EXERCISE REQUIREMENTS: A letter-for-letter copy of the listing is required, with no pictures in it.

[[ PROVIDED DATA, beginning ]]

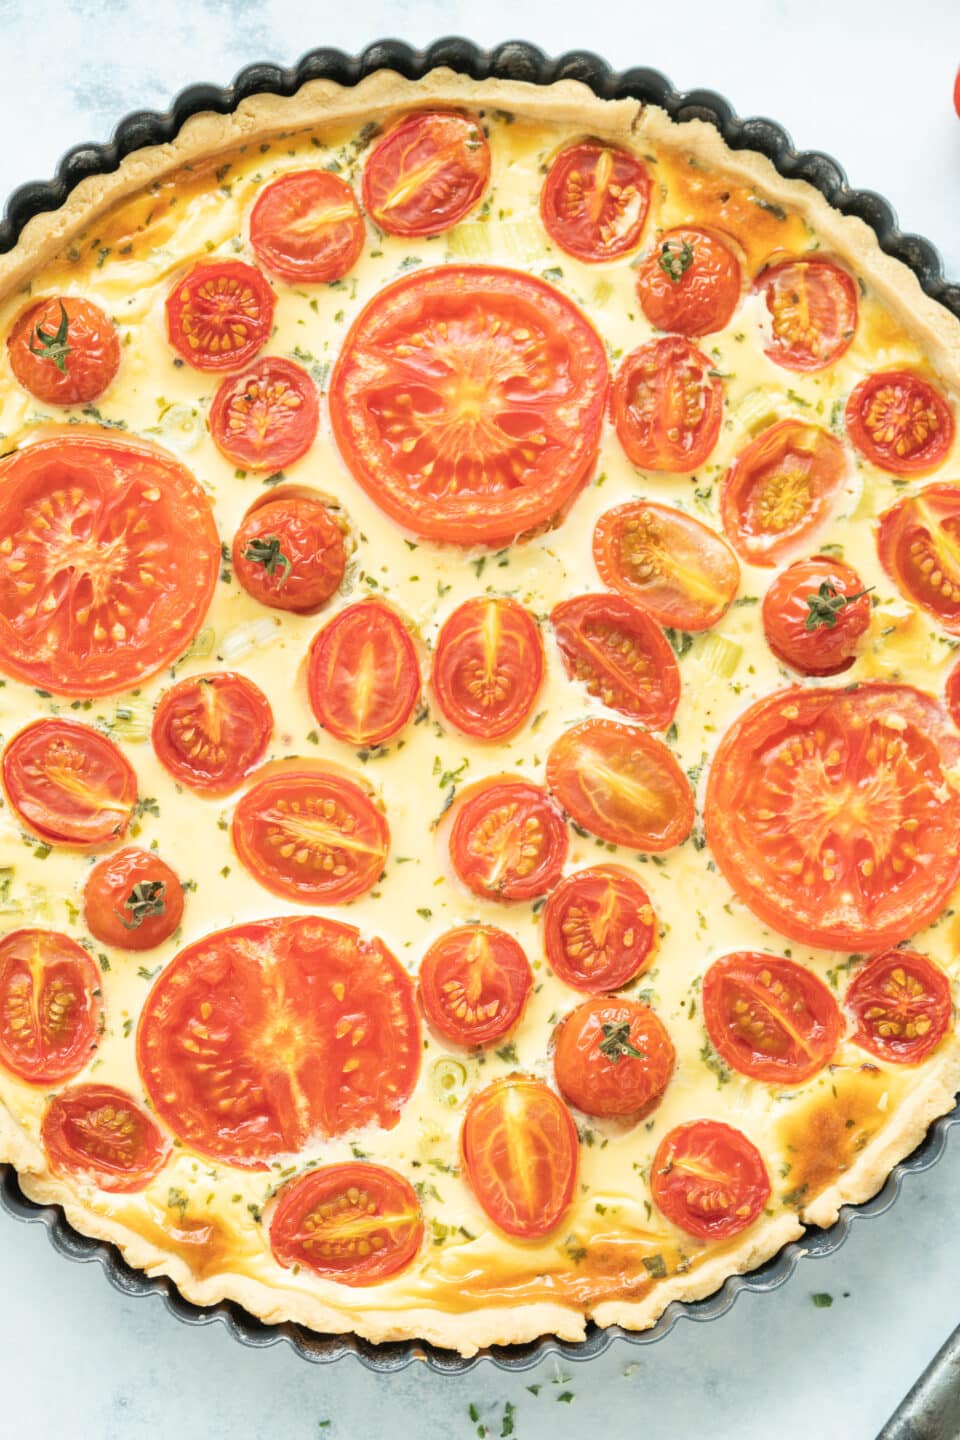 Goat cheese quiche with cherry tomatoes
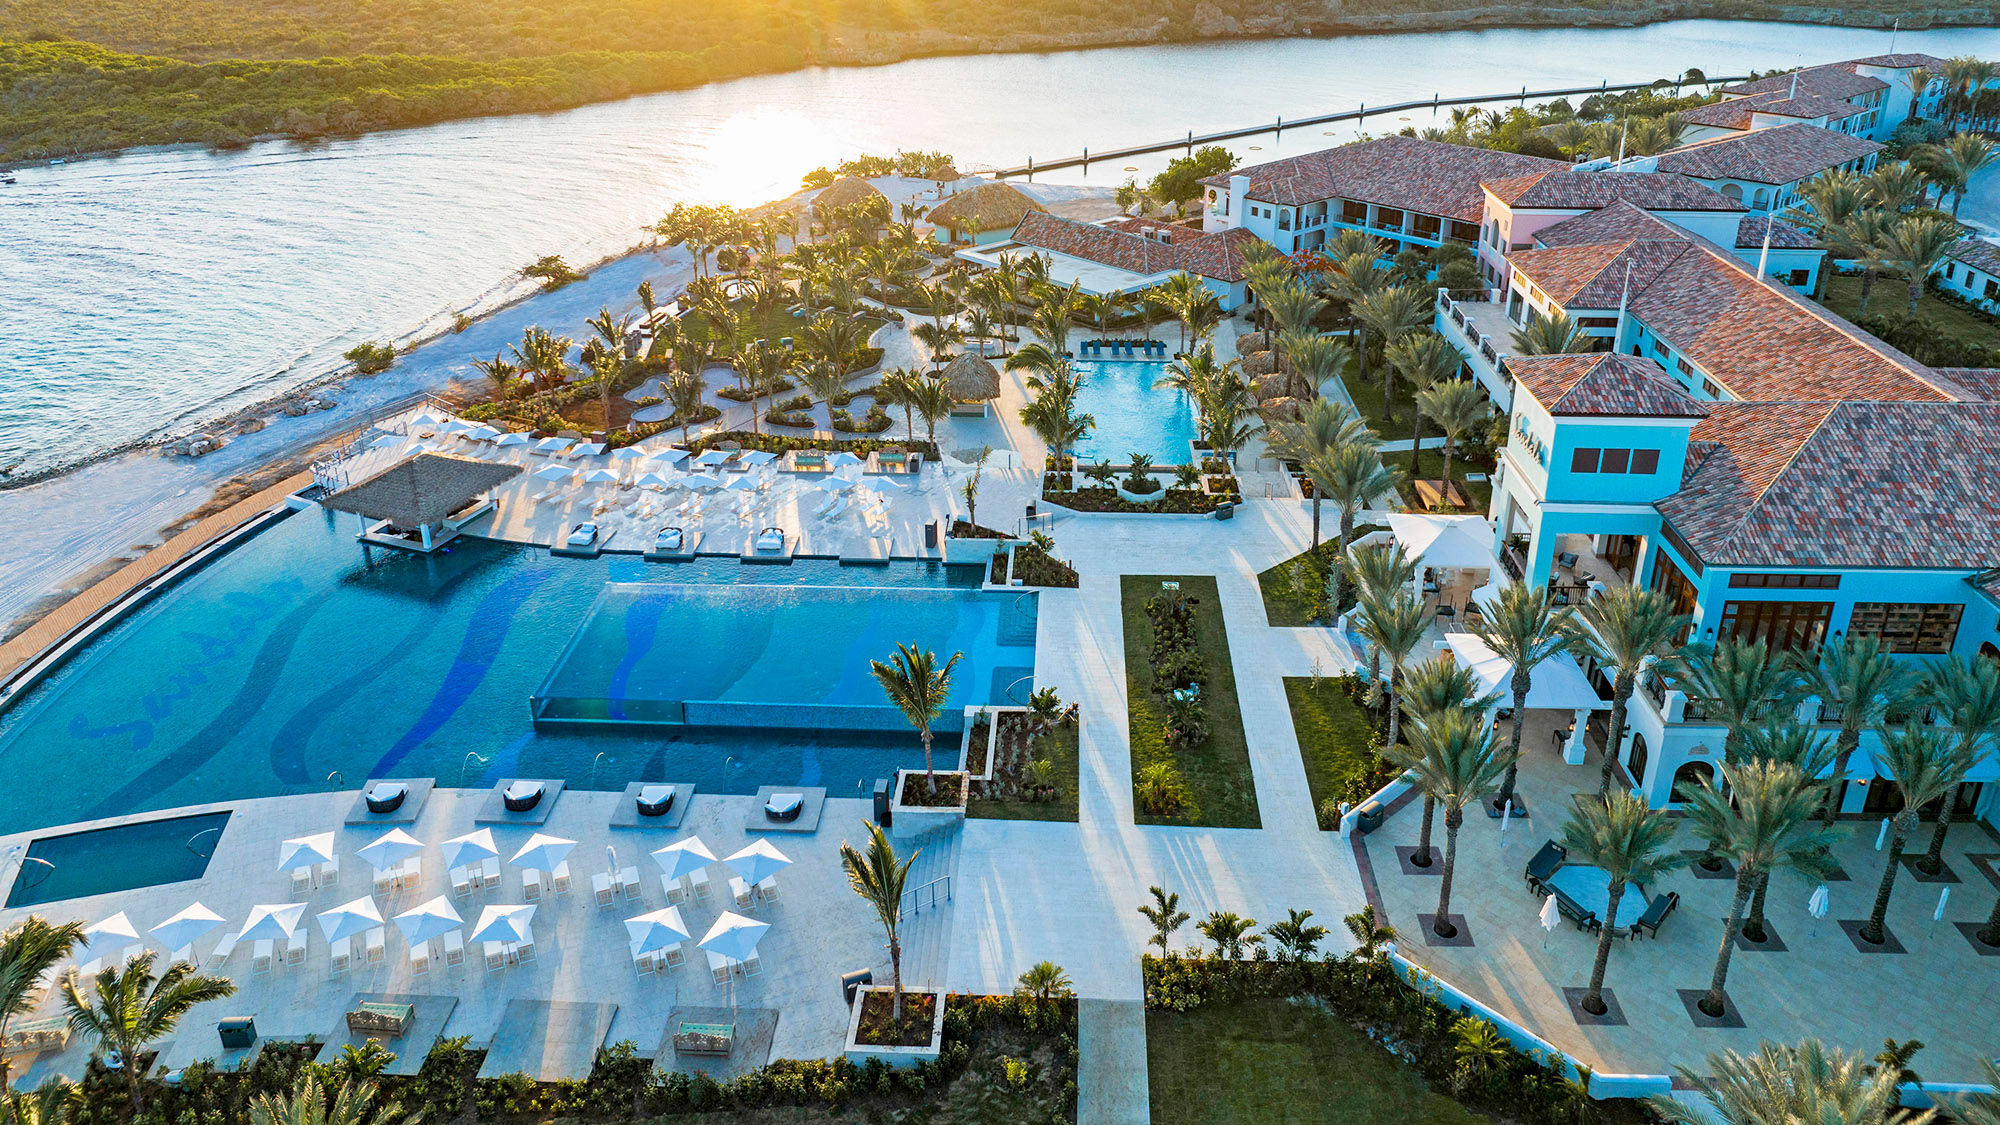 An aerial view of the Sandals Royal Curacao.
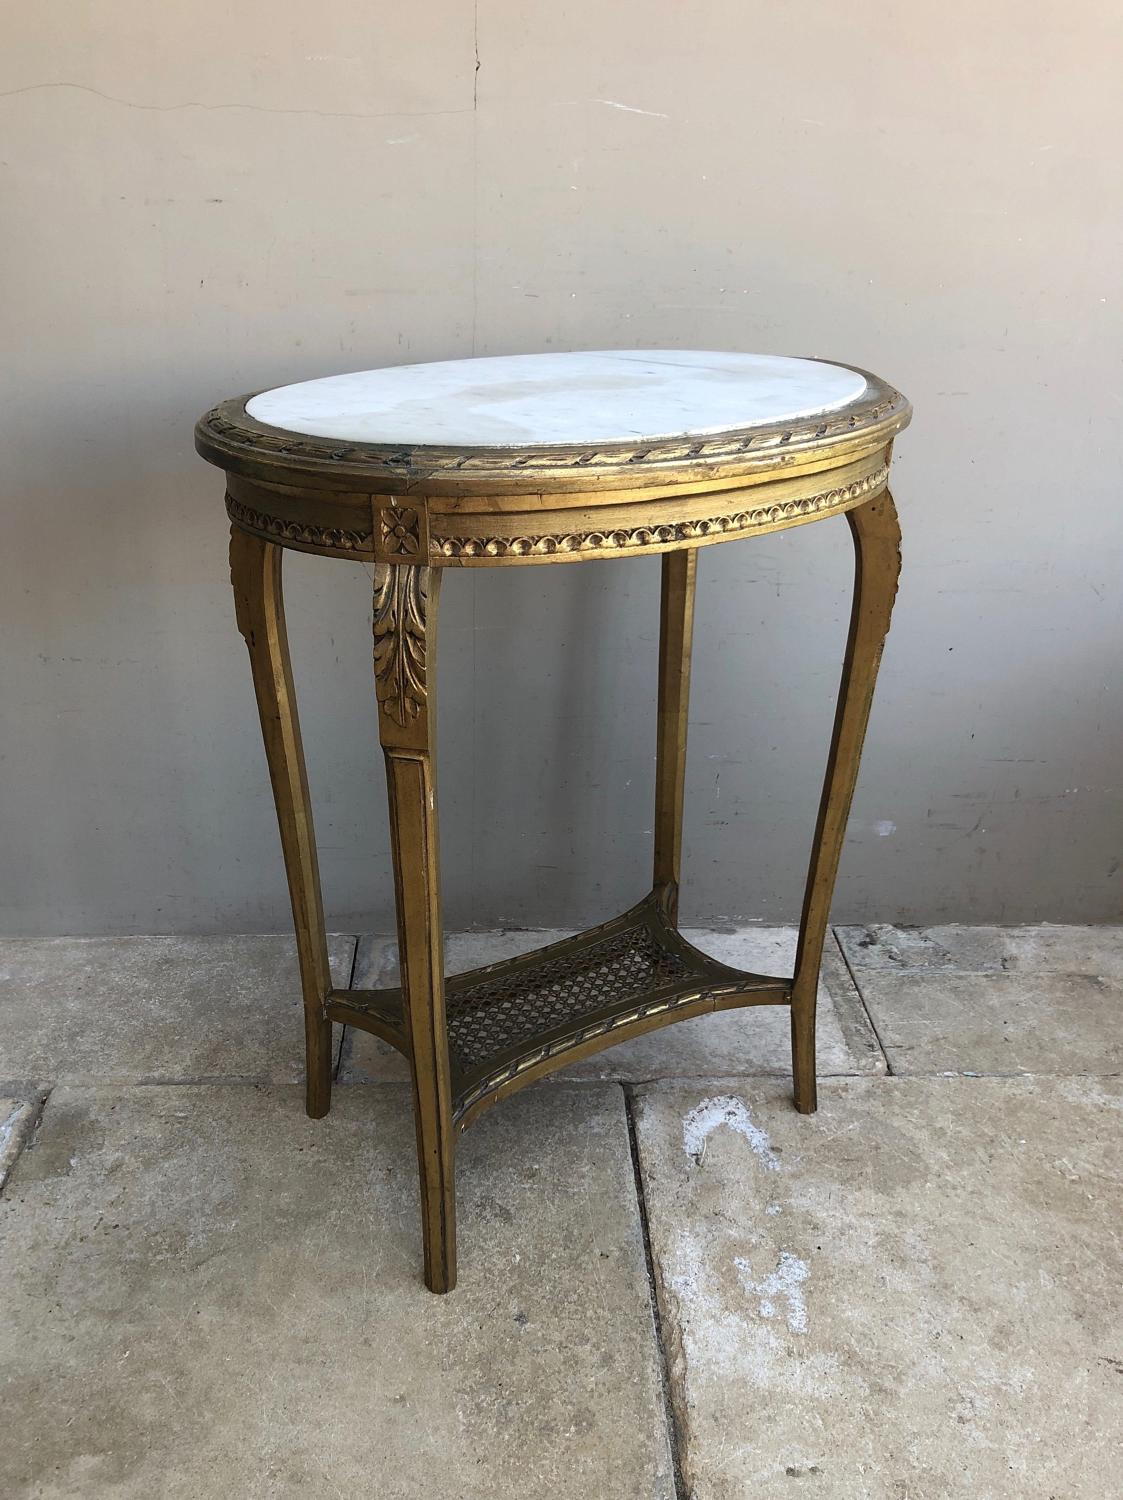 Early 20th Century Giltwood Side Table with White Marble Top

[[ PROVIDED DATA, end ]]

YOUR RESPONSE:
 Goat cheese quiche with cherry tomatoes
 An aerial view of the Sandals Royal Curacao.
 Early 20th Century Giltwood Side Table with White Marble Top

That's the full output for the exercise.